Donnerstag, 26. Januar 2023

Friedrich Wilhelm Mader: Die Tote Stadt mit Bildern von Karl Mühlmeister

 Karl Rudolf Gustav Mühlmeister (1876–1942/1945) war ein deutscher Maler und Illustrator.

 



 
 


Frontispiz

Das Paläoskop


Münkhuysen zog ein achteckiges Rohr aus der Tasche, ziemlich kurz und dick, und schraubte es auf ein in den Erdboden eingelassenes Gestell fest. Nun begann er durch dieses ganz unbekannte Instrument nach den Sternen zu sehen. Mittels einer kleinen Kurbel stellte er sein Fernrohr ein, das er Paläoskop nannte, weil es, wie er sagte, gestatte, Blicke in uralte, vergangene Zeiten zu tun. Nach wenigen Minuten sagte er: »Jetzt habe ich ihn!« und ersuchte Ernst, durch das Okular zu schauen.
 
 

Mann über Bord!

Alle Rufe und Schreie des Entsetzens und der Warnung kamen jetzt zu spät: schon kämpfte der Held mit den schaumgekrönten Wellen, die ihn jeden Augenblick zu verschlingen drohten. Es schien, als werde er hilflos auf und ab geschleudert, oft verschwand er unter Wasser, doch tauchte er allemal wieder prustend auf und warf sich mit übermenschlich erscheinender Kraft gegen die auf ihn einstürmenden Fluten. Mit Staunen sahen alle, was für ein vorzüglicher, gewandter und kräftiger Schwimmer er war: keiner der anderen hätte sich in diese Strudel gewagt, nicht einmal die italienischen Matrosen, die doch vorzüglich schwammen.


Das Südkreuz

Die Dampfmaschine war inzwischen eingetroffen und wurde dem Schiffe einverleibt. Mittels mächtiger Winden wurde dann das »Südkreuz« auf ein Gestell mit walzenförmigen Rädern gehoben, das reinste Trockendock, und fest mit demselben verbunden. Dann bestiegen unsere Freunde sämtlich mittels einer Strickleiter das Verdeck; Münkhuysen ließ die Kessel heizen und die Maschine in Bewegung setzen, und – siehe da! majestätisch rollte das »Südkreuz« auf seinen zwanzig Rädern durch den Urwald, wie wenn es für Landfahrten gebaut worden wäre.
 
 

An der Eisküste

 
Das »Südkreuz« fuhr nach Osten, die Bankise oder Eisterrasse entlang, die in wechselnder Höhe von fünfzehn bis sechzig Metern und darüber den Südpolarkontinent umgürtet, als letzter Ausläufer der Inlandgletscher. Vorbei an Kap Bird, der äußersten Spitze der vom Erebus ausgehenden Hügelkette, strebte man König-Eduard-des-Siebenten-Land zu.
 
 

Das Verderben vor Augen

 

Nun sollte sich bald die vorhin angedeutete Unvorsichtigkeit rächen: unsere Freunde hatten nämlich, was kaum zu glauben war, vergessen, das Seil auf der Nordseite, der Seite des Aufstiegs, fest zu verankern: es hing da lose hinab. Wie gesagt, hatte es sich auf dem Sattel zwischen zwei Felsen eingeklemmt und einer seiner Knoten hielt es dort an der engsten Stelle fest. Diese Verengung wurde jedoch bloß durch eine dünne vorspringende Felszacke gebildet, die bald absplitterte, als das volle Gewicht der vier Männer aus der Südseite des Seiles hing, ohne irgend ein Gegengewicht auf der Nordseite.

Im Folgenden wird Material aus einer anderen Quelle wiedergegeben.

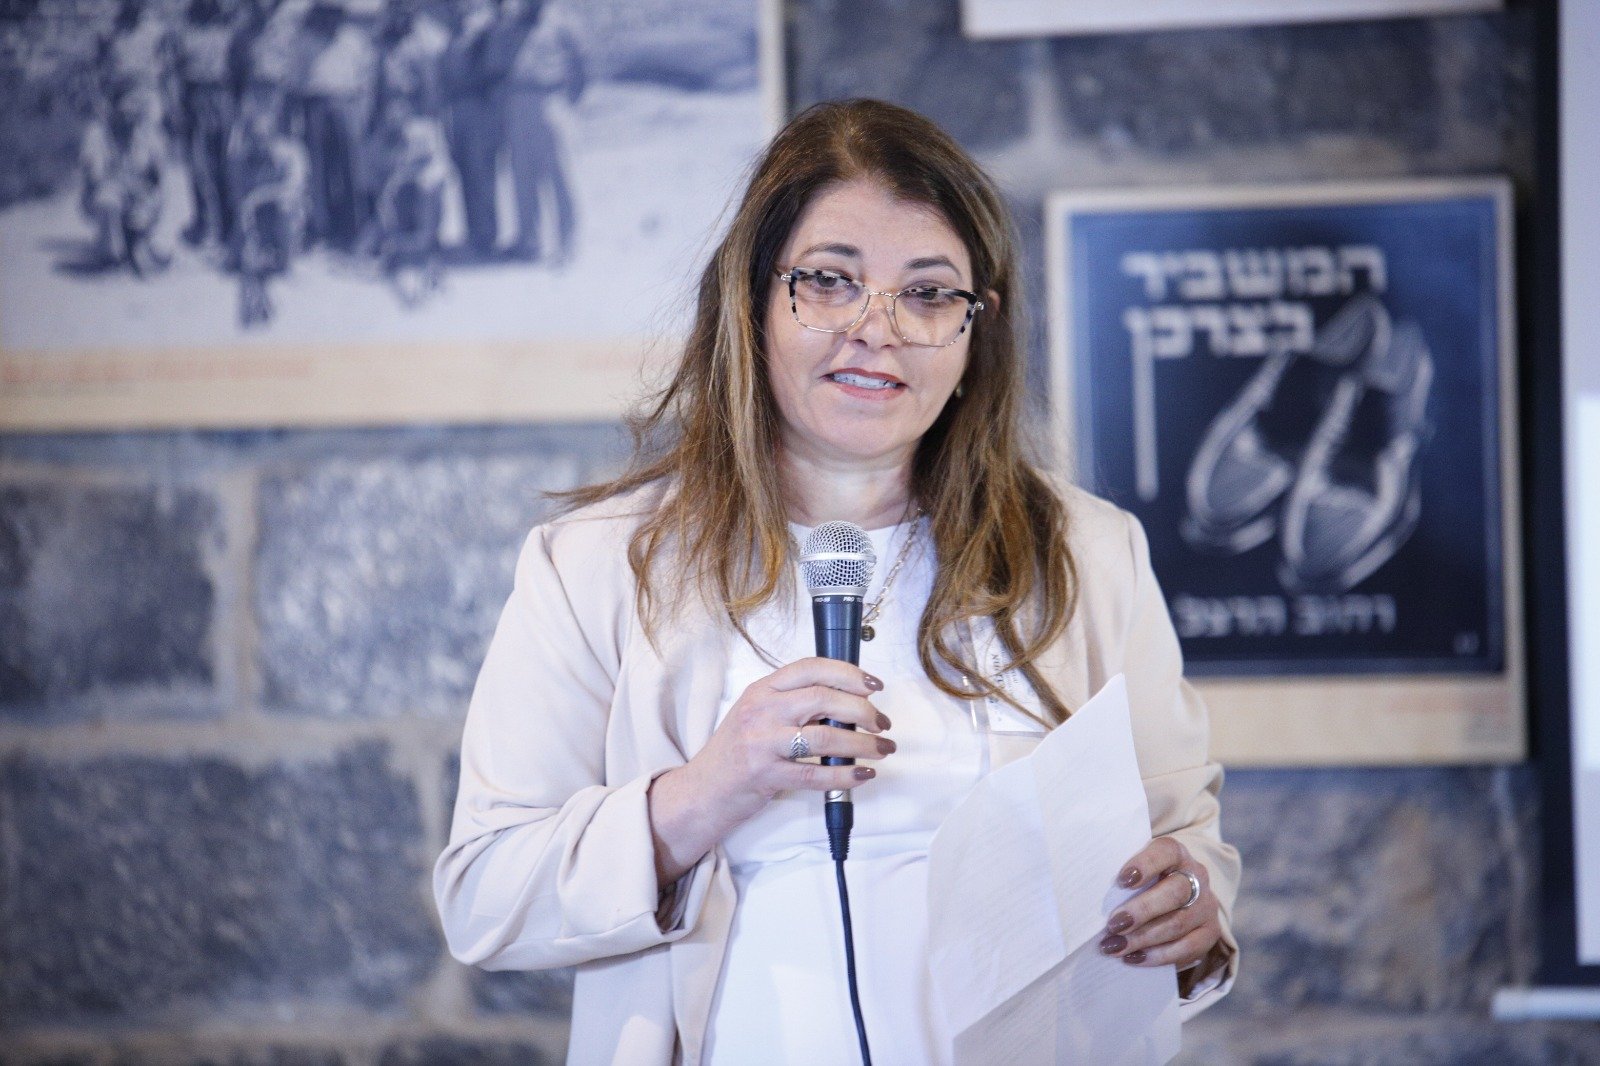 سريا نجيدات لبكرا: "مؤتمر اشكول يهدف الى تمكين المرأة اجتماعيًا واقتصاديُا"-1

Das Seil gab nach. Die daran Hängenden kamen ins Gleiten. Das Seil rutschte über den Bergsattel, erst langsam, dann immer schneller, je weniger davon auf der anderen Seite als schwaches Gegengewicht herabhing. Münchhausens Last war natürlich bei dem Unfall das Ausschlaggebende.

 

Antarktische Jagden

 

»Ach was!« widersprach Münchhausen: »Ein hochbeiniges Walroß ist das: ich kenne es gut von meiner ersten Südpolarfahrt her. Da es jedoch nicht in der See haust, sondern auf dem Landeis, und sein Haupt etwas ungemein Löwenähnliches aufweist, nannten wir es Eislöwe, wonach man sich zu richten hat!« Obgleich die anderen nie recht an die sagenhafte Südpolexpedition des Spaßvogels glaubten, so nahmen sie doch den Namen an, denn der Kopf des Tieres sah wirklich dem eines Löwen in vergrößertem Maßstabe auffallend ähnlich, abgesehen von den walroßartigen Hauern. Im übrigen war es freilich ein Dickhäuter, der auf massigen Beinen einhertrabte, und auch sein dichter Pelz unterschied es wesentlich vom König der Tiere, doch das war ja für die Benennung belanglos, da man ja sogar eine Robbe »Seelöwe« heißt.


Die Seeschlange

Plötzlich stieß Doktor Maibold einen gellenden Schrei aus: »Sehen sie dort, dort!« rief er schreckensbleich und deutete nach rechts ins Meer hinaus. Alle wandten sich dorthin und da wurde ihnen ein Anblick, der ihre Nerven aufs äußerste erschütterte: über den Meeresspiegel erhob sich ein Kopf, gleich dem eines Krokodils, nur geschmeidiger und von nie gesehener Größe, umwallt von einer weißen Mähne, so daß er sich auch mit einem riesigen Pferdehaupt vergleichen ließ. Aus dem aufgesperrten, wohl zwei Meter langen Rachen starrten drei Reihen scharfer Zähne; die grünschillernden, widerlichen Augen drängten sich gleich Kürbissen hervor. Und dieses unförmliche Haupt erhob sich höher und immer höher über dem Wasserspiegel und wiegte sich an einem Schlangenleib, der einem Urwaldbaum an Dicke glich und sich nach allen Seiten hin bog, neigte und wand in blitzschnellen Bewegungen.
 
 

Ein schwerer Unfall

 
 
Als sie sich der Vulkankette näherten, schoß plötzlich aus einer Felskluft ein grauenhaftes Ungetüm hervor. Es ließ sich in seiner furchtbaren Größe kaum übersehen. Der Hals mit dem verhältnismäßig kleinen Kopf glich einer Riesenschlange in vergrößertem Maßstabe, der Schwanz einem Krokodil, und dazwischen erhob sich haushoch der plumpe Leib auf vier massigen Beinen. Die ganze Länge dieses Ungeheuers betrug mindestens fünfunddreißig Meter.